DATASET EXTRACT |
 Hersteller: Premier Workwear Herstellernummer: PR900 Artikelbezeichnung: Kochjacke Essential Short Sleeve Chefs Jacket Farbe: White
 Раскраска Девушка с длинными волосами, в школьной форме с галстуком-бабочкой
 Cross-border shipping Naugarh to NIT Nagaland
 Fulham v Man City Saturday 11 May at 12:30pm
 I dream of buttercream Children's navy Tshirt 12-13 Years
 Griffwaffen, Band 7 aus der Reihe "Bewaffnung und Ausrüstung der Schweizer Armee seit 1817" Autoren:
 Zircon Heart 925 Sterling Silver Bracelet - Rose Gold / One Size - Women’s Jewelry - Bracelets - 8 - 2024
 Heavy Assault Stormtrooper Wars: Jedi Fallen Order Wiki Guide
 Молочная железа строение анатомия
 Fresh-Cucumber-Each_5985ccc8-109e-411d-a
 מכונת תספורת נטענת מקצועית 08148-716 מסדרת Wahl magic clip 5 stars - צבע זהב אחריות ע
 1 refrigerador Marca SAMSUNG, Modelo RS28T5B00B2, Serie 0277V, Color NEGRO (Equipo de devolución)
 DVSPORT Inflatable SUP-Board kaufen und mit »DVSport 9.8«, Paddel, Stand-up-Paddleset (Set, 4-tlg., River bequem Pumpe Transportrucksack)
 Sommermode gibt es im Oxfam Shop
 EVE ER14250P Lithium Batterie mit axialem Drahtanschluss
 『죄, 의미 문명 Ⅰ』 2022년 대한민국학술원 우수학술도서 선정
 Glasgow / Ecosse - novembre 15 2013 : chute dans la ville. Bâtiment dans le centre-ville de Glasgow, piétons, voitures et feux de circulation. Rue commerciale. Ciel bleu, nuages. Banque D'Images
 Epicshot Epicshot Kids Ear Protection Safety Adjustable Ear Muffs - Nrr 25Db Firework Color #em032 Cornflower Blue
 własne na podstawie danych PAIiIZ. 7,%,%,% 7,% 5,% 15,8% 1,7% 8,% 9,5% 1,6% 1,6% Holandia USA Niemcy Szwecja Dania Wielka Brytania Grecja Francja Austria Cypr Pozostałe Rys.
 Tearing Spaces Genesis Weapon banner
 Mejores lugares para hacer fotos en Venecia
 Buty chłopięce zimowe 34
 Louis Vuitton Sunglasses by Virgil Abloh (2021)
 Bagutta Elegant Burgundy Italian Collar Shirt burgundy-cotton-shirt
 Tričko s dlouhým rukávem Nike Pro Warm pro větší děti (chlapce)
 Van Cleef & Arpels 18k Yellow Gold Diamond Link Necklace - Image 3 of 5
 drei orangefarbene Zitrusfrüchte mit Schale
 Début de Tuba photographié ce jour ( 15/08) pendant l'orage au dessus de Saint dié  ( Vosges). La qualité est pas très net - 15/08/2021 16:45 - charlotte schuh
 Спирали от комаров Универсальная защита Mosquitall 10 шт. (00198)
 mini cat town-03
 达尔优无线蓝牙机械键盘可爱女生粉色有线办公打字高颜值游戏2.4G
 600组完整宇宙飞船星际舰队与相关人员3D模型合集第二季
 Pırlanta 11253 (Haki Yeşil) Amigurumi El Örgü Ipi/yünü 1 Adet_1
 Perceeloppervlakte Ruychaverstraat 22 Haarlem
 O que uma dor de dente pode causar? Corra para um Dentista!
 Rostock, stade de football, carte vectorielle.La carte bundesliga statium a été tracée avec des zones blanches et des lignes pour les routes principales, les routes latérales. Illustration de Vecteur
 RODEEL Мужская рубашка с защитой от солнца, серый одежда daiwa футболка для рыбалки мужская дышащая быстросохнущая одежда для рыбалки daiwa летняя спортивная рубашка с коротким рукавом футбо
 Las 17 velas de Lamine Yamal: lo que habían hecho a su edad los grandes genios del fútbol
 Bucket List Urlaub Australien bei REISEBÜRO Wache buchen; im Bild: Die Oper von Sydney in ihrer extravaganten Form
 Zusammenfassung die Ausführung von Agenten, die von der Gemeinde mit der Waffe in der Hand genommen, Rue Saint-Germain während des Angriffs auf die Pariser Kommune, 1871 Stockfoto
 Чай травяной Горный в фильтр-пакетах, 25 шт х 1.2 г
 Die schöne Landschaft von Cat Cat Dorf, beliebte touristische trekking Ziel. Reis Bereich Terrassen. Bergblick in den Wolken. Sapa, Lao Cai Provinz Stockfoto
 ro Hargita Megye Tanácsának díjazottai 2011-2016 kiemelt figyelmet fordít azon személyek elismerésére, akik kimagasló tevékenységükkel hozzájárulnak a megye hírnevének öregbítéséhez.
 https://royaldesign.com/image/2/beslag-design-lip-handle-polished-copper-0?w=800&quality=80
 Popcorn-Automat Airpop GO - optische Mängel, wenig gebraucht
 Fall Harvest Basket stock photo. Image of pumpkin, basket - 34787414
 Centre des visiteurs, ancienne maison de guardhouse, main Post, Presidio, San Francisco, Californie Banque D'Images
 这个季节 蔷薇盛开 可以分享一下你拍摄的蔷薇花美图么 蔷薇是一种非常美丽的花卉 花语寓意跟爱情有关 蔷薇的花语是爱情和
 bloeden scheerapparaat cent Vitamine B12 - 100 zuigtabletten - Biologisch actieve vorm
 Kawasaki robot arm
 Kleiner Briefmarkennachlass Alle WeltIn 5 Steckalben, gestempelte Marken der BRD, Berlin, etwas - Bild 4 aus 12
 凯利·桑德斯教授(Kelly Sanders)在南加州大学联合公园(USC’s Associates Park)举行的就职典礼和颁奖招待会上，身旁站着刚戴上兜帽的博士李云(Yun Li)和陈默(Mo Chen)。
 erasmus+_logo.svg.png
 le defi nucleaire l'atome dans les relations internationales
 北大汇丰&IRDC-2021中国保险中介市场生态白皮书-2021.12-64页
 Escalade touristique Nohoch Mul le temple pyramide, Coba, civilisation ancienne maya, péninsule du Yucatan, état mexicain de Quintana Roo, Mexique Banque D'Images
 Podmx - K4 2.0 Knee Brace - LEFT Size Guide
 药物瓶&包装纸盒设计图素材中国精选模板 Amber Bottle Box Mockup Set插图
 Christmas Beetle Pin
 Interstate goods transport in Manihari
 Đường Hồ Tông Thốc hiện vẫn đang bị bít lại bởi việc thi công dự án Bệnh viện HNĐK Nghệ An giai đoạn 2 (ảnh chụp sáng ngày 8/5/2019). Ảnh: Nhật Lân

ACTIVITY | Only the lines above from the one with "mini cat town-03" up to and including the one with "这个季节 蔷薇盛开 可以分享一下你拍摄的蔷薇花美图么" should be repeated, exactly as written.

EXERCISE OUTPUT |
 mini cat town-03
 达尔优无线蓝牙机械键盘可爱女生粉色有线办公打字高颜值游戏2.4G
 600组完整宇宙飞船星际舰队与相关人员3D模型合集第二季
 Pırlanta 11253 (Haki Yeşil) Amigurumi El Örgü Ipi/yünü 1 Adet_1
 Perceeloppervlakte Ruychaverstraat 22 Haarlem
 O que uma dor de dente pode causar? Corra para um Dentista!
 Rostock, stade de football, carte vectorielle.La carte bundesliga statium a été tracée avec des zones blanches et des lignes pour les routes principales, les routes latérales. Illustration de Vecteur
 RODEEL Мужская рубашка с защитой от солнца, серый одежда daiwa футболка для рыбалки мужская дышащая быстросохнущая одежда для рыбалки daiwa летняя спортивная рубашка с коротким рукавом футбо
 Las 17 velas de Lamine Yamal: lo que habían hecho a su edad los grandes genios del fútbol
 Bucket List Urlaub Australien bei REISEBÜRO Wache buchen; im Bild: Die Oper von Sydney in ihrer extravaganten Form
 Zusammenfassung die Ausführung von Agenten, die von der Gemeinde mit der Waffe in der Hand genommen, Rue Saint-Germain während des Angriffs auf die Pariser Kommune, 1871 Stockfoto
 Чай травяной Горный в фильтр-пакетах, 25 шт х 1.2 г
 Die schöne Landschaft von Cat Cat Dorf, beliebte touristische trekking Ziel. Reis Bereich Terrassen. Bergblick in den Wolken. Sapa, Lao Cai Provinz Stockfoto
 ro Hargita Megye Tanácsának díjazottai 2011-2016 kiemelt figyelmet fordít azon személyek elismerésére, akik kimagasló tevékenységükkel hozzájárulnak a megye hírnevének öregbítéséhez.
 https://royaldesign.com/image/2/beslag-design-lip-handle-polished-copper-0?w=800&quality=80
 Popcorn-Automat Airpop GO - optische Mängel, wenig gebraucht
 Fall Harvest Basket stock photo. Image of pumpkin, basket - 34787414
 Centre des visiteurs, ancienne maison de guardhouse, main Post, Presidio, San Francisco, Californie Banque D'Images
 这个季节 蔷薇盛开 可以分享一下你拍摄的蔷薇花美图么 蔷薇是一种非常美丽的花卉 花语寓意跟爱情有关 蔷薇的花语是爱情和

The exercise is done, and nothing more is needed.